A lower deficit for the 2023 balance of payment (BOP) position is forecasted for the Philippines on account of expected narrower trade gap and better services exports and imports, among others.
In a virtual briefing on Friday, Bangko Sentral ng Pilipinas (BSP) officer-in-charge for the Monetary Policy Sub-Sector Dennis Lapid said the latest BOP projection is at $1.6-billion deficit, better than the previous forecast of $5.4-billion deficit.
“The overall outlook or picture for the external environment, particularly for external economic activity, continues to suggest that global GDP (gross domestic product) will continue to be subdued, particularly for this year,” he said.
In 2022, the country registered a BOP deficit of $7.3 billion, a reversal from the $1.3-billion surplus in the previous year.

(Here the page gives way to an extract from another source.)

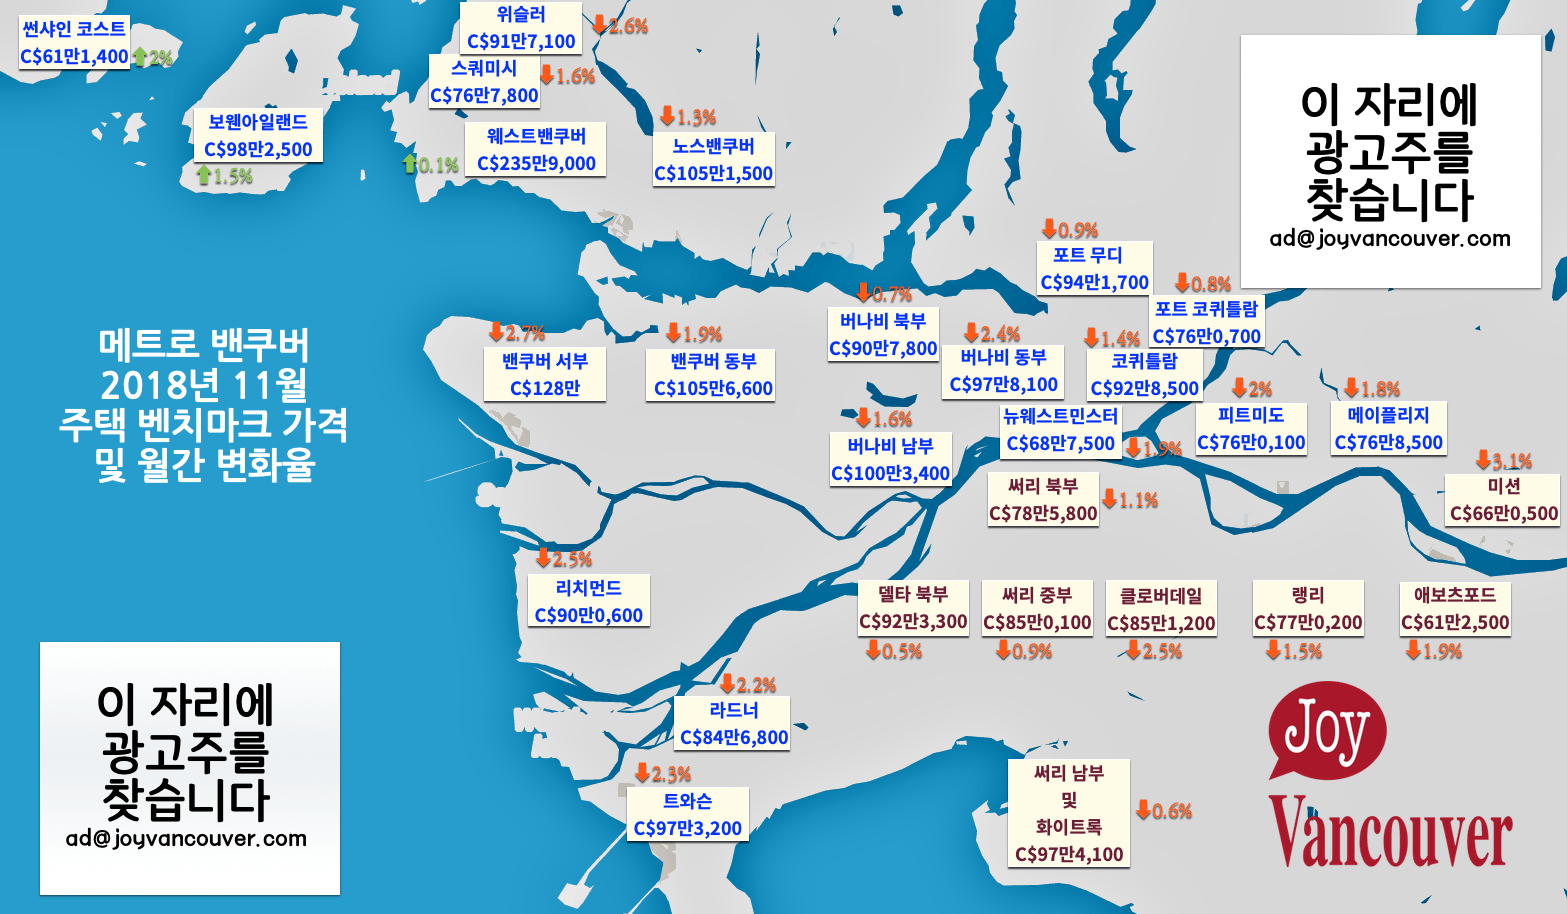 밴쿠버 11월 주택 시장 일찌감치 고요해졌다 metroreal1811

Based on the latest projection, the current account (CA) is seen to post a lower deficit of $17.1 billion from $19.9 billion previously.

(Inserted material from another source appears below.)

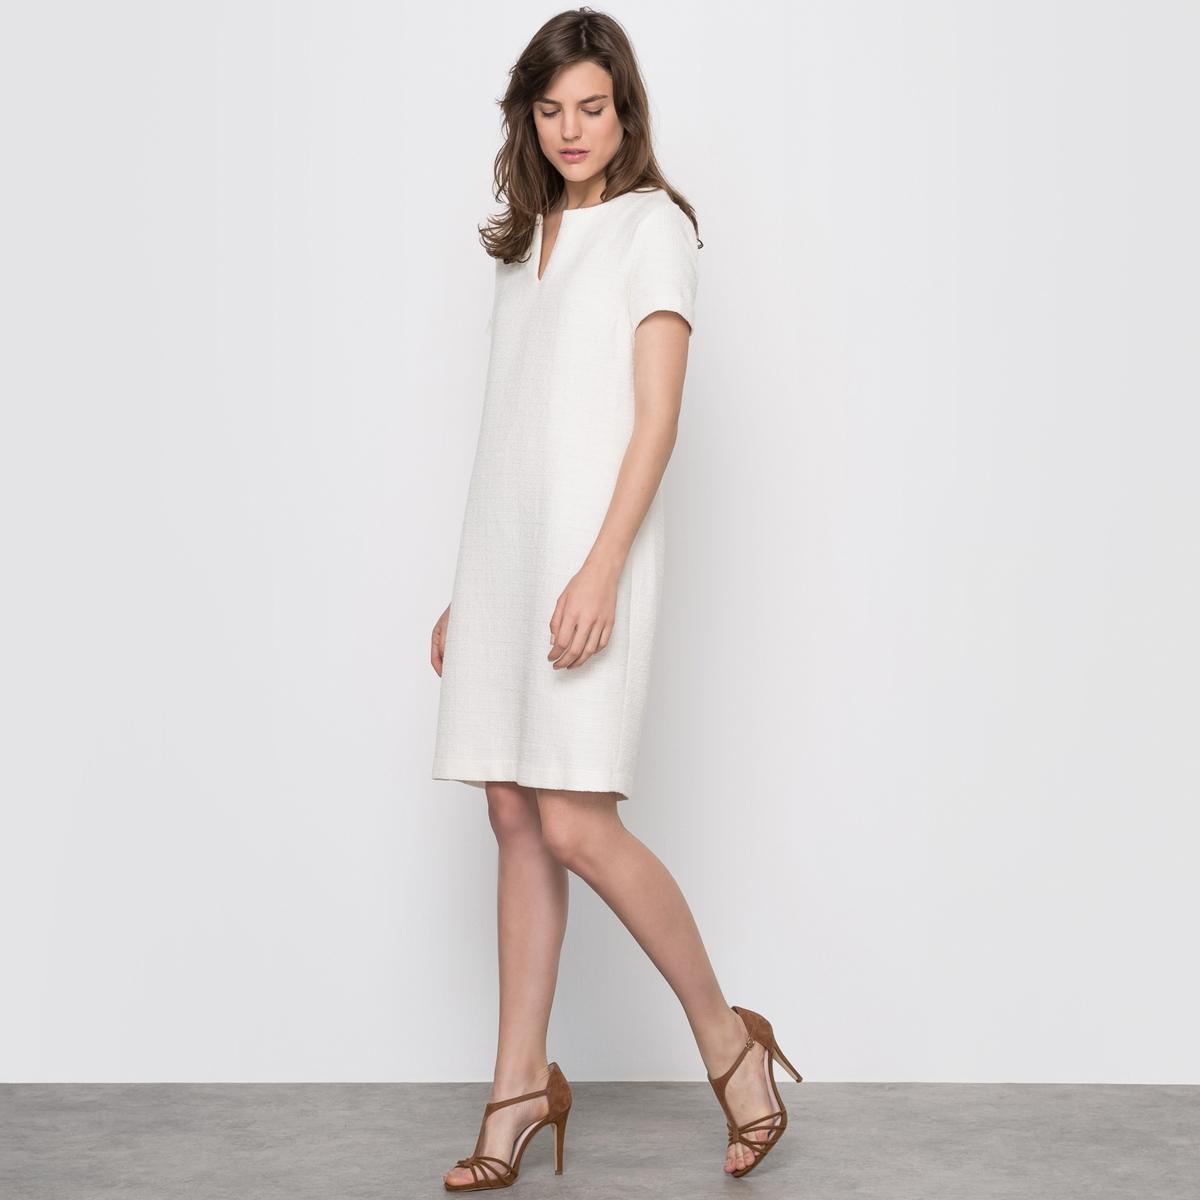 Платье из твидаОднотонное платье из твида. Одновременно шикарная и простая модель прямого покроя. Короткие рукава с отворотами, круглый вырез с V-образной вставкой. Состав и описание :Материал : 99% хлопка, 1% полиэстераДлина : 90 см Уход:Машинная стирка при 30 °С<br><br>Цвет: белый,темно-синий
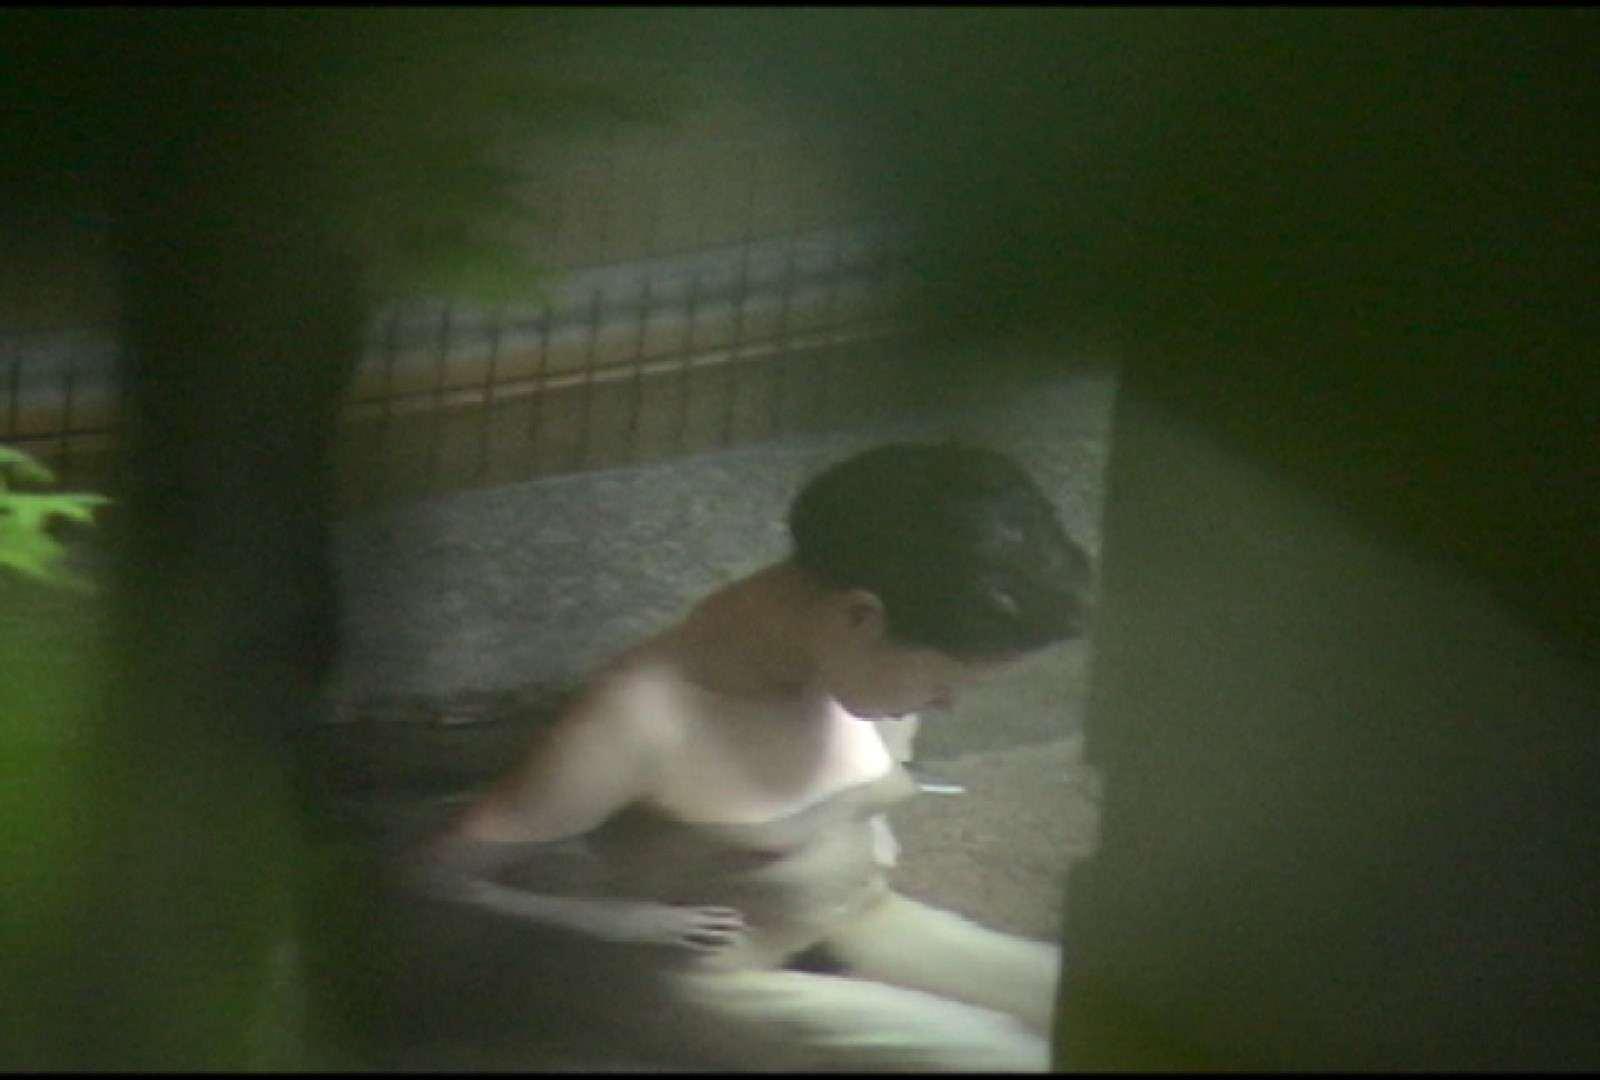 Aquaな露天風呂Vol.699 美しいOLの裸体  101pic 6

Goods exports and imports projections were kept at 3 percent and 4 percent, respectively.
However, services exports are seen to rise by 17 percent from 15 percent and the services imports by 11 percent from 8 percent in the previous BOP forecasting round in the last quarter of 2022.
Inflows from overseas Filipino workers (OFWs) are seen to post a slower growth of 3 percent from 4 percent previously and Lapid attributed this to projections of slower growth in countries where the OFWs are based.

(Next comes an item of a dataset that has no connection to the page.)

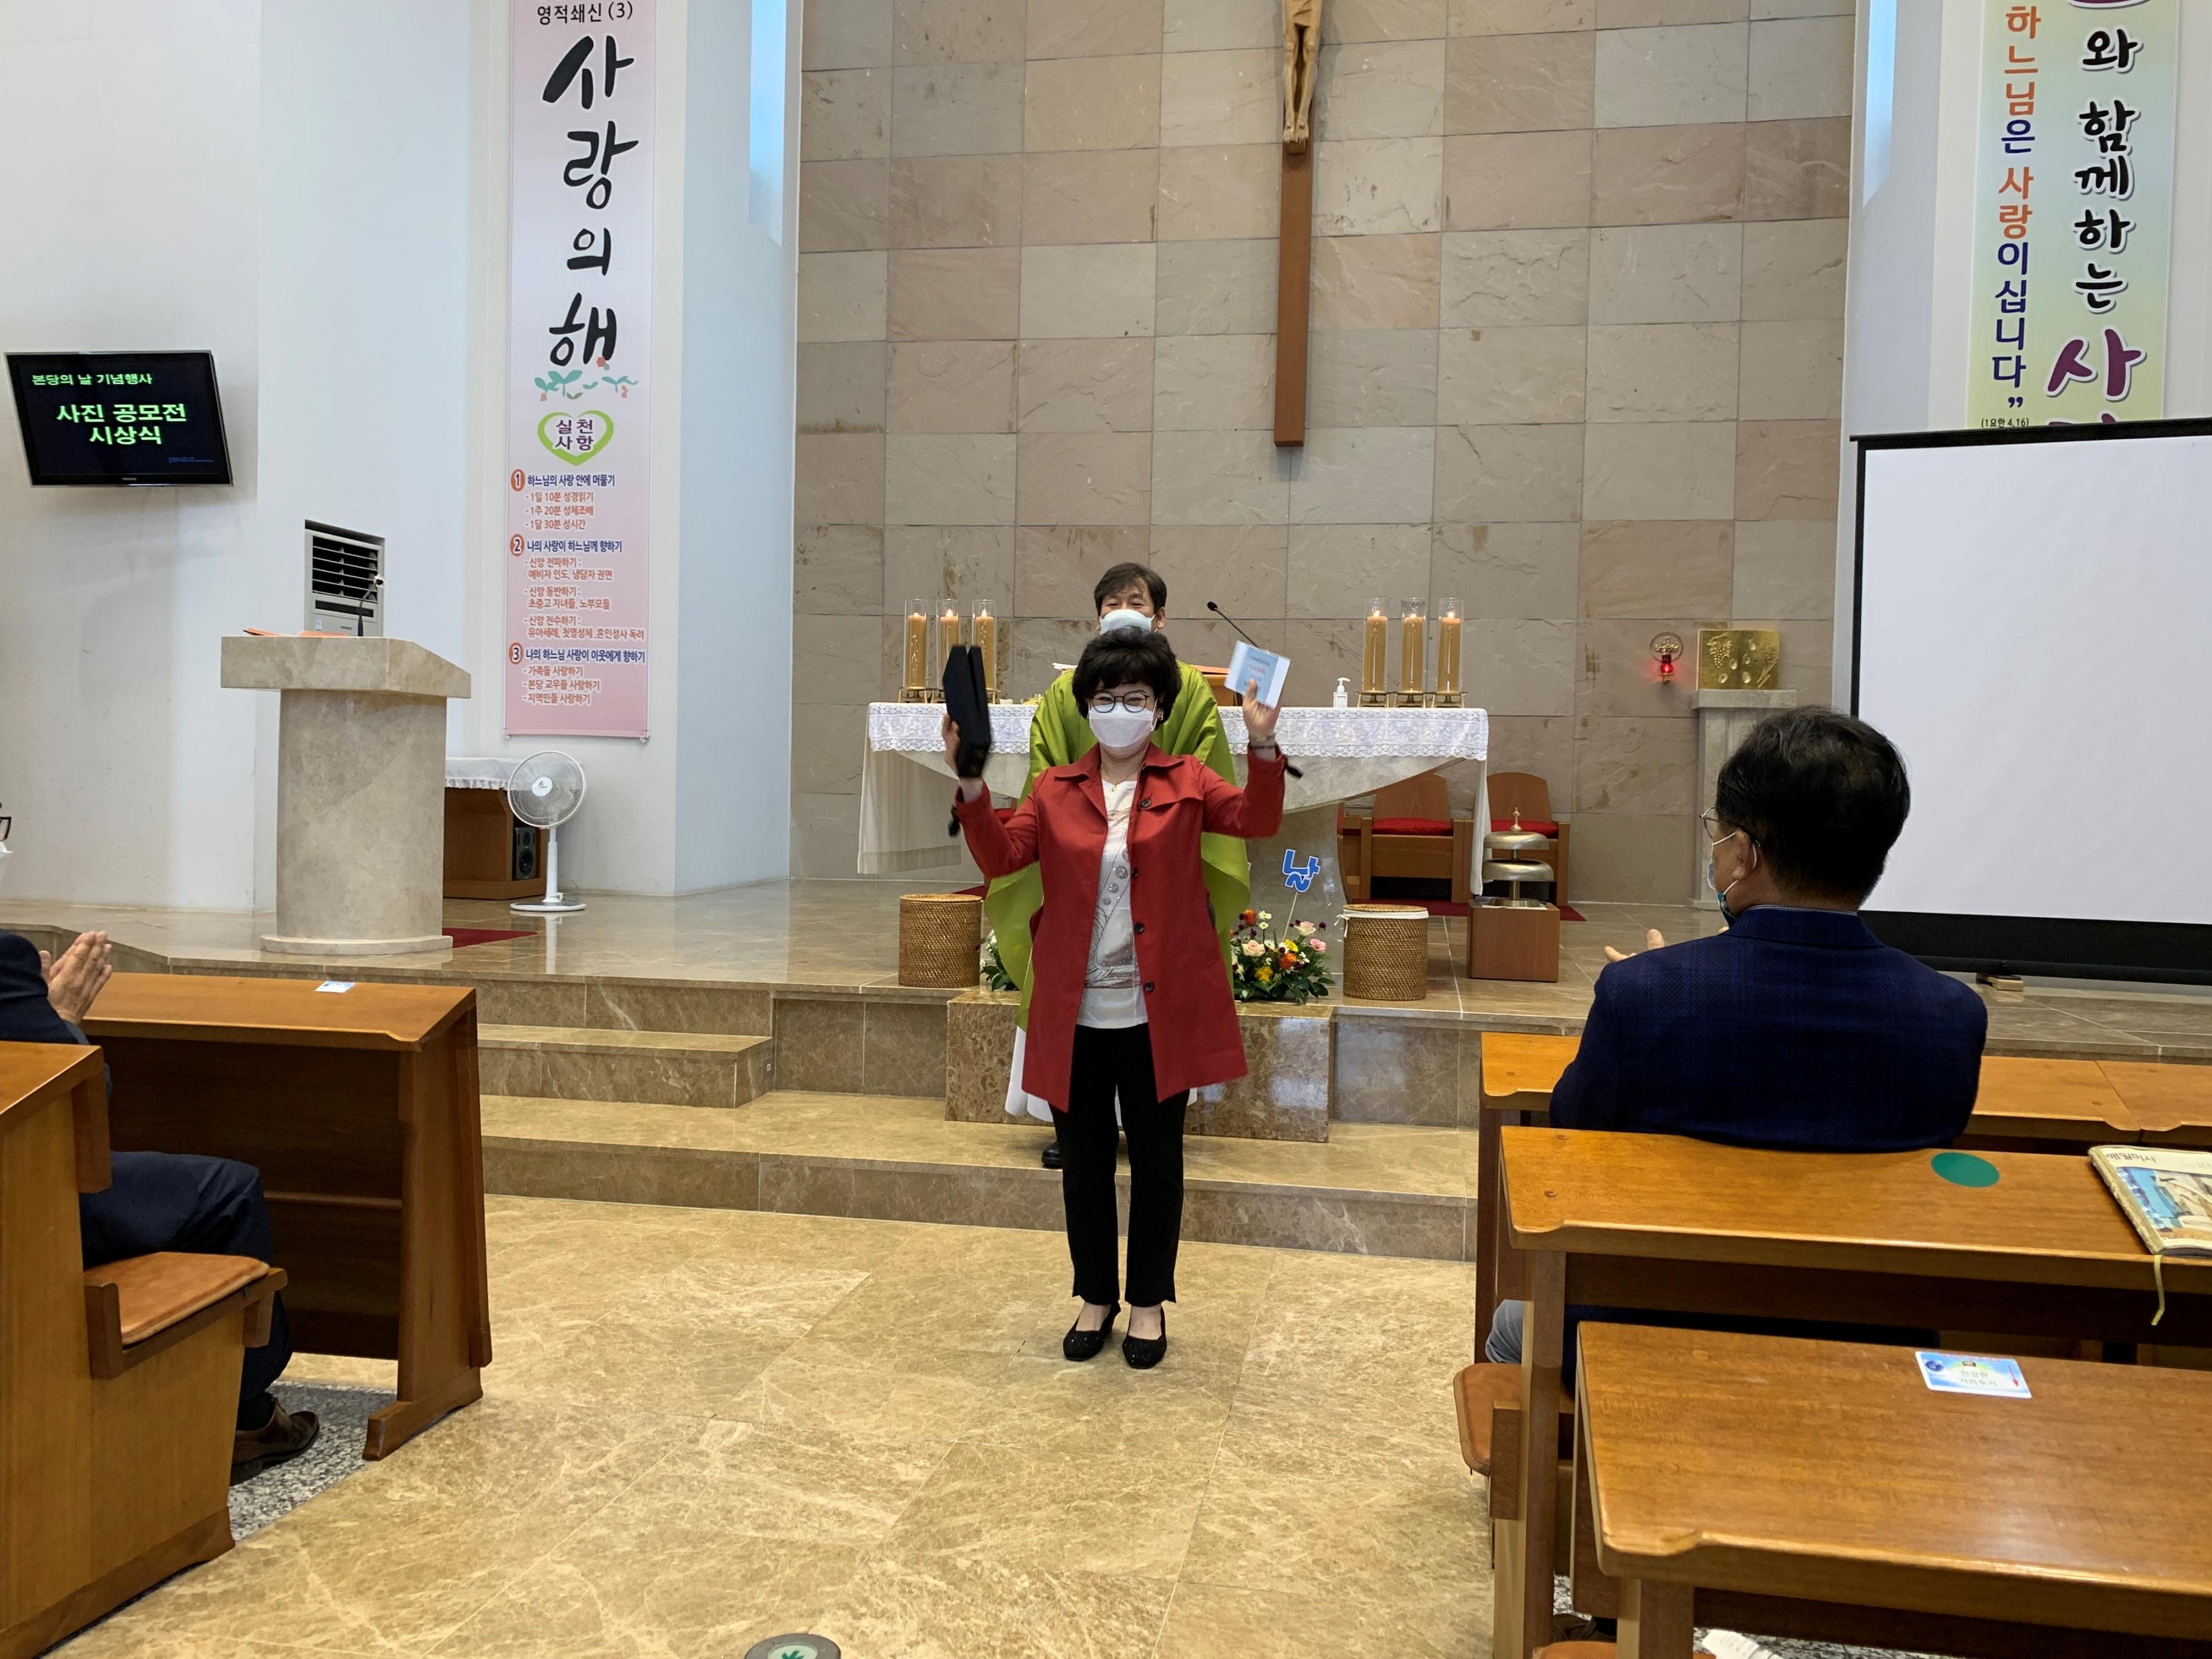 batch_2020-10-11 제11회 본당의 날 (47).jpg

He explained that these projections are based largely on the global growth forecast of the International Monetary Fund (IMF), which sees a subdued output for this year.
He said key downside risks for the domestic economy include the continuation of the elevated inflation rate in most of this year and the possible easing of pend up demand as economic situation normalizes.
These factors are seen to be countered by the stronger-than-expected rebound in travel receipts as more tourism flock to the Philippines and the expected deceleration of inflation rate towards the end of the year.